Последнее время ему снилась какая-то девушка необычайной красоты с синими глазами, точно такими, какие были у него самого когда-то, пока не привязался поганый увеит.
Это была его дочь, Ромашов знал точно! И она была во всем похожа на него, не только глазами. Его дочь переняла всё то удивительное, невероятное, чем он обладал, пока у него не отняли это проклятый Гроза и гнусный лжец Артемьев. И еще эта девушка взяла у своей матери то, чего даже не осознавала в себе, но благодаря чему Ромашов и Люся Абрамец так понимали друг друга. Но самое главное, чувствовал Ромашов, эта девушка, которую мать назвала вычурным именем Люсьена, унаследовала дар его деда. Он был настоящий нойд – лопарский[57] колдун. И его правнучка, дочь Пейвэ Меца, сама была нойда, колдунья, но вдобавок молода, красива – настолько, что ее смело можно было бы назвать Муччесь, красавица, – и Ромашов чувствовал, что сила ее со временем только возрастет и, возможно, превзойдет его силу.
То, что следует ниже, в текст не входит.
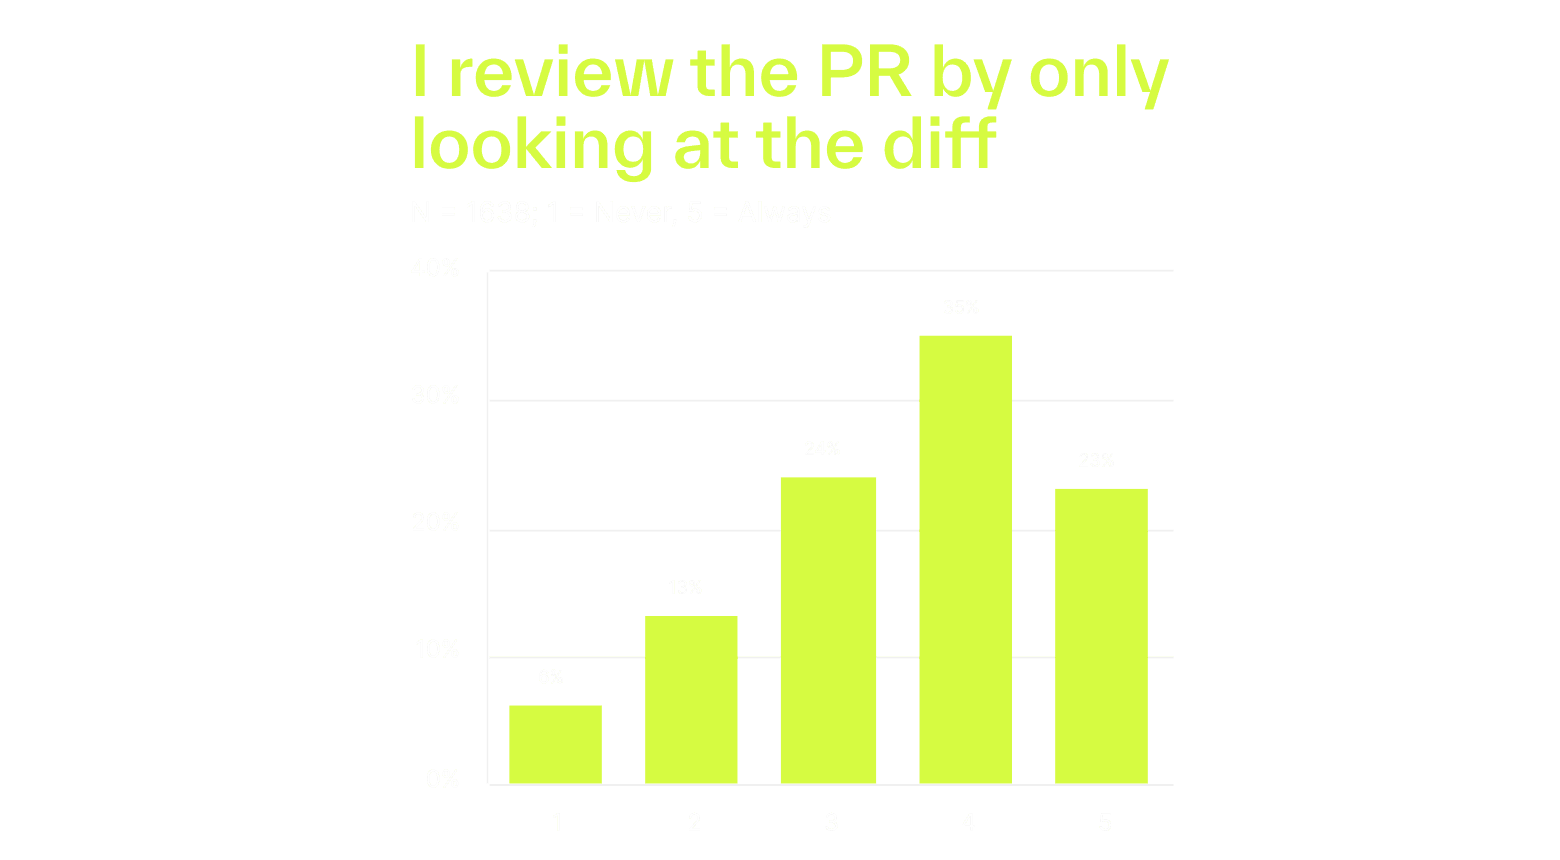 Most developers review PRs by only looking at the diff

Если Ромашов когда-нибудь доберется до Москвы и найдет свою дочь, эту молодую нойду, вместе они будут неодолимы! И тогда, возможно, они доберутся и до священного саровского сокровища, которое некогда так страстно хотел заполучить Вальтер Штольц.
Жив ли он еще? Не иссякло ли его желание обладать саровским артефактом? И сколько готов заплатить за него?
От этих мыслей у Ромашова мучительно разболелась голова. Так бывало всегда, стоило попытаться заглянуть в будущее и спросить себя, как и что нужно будет делать. Мысли меркли от этой боли. Тигр не умел смотреть вдаль. Он жил только тем, что находилось перед ним!
Чтобы заглянуть в будущее, Ромашову нужна была помощь человека со свободным, изощренным разумом.
Мозг Барсукова был убог, да и всплеск его жизненной энергии, которую заполучил Ромашов, оказался слишком ничтожен. Напитаться его кровью времени не оставалось – вагон был набит под завязку, в любой момент в тамбуре могли появиться люди, а Ромашов ни в коем случае не хотел привлекать к себе внимание. Он довольствовал тем, что смог получить.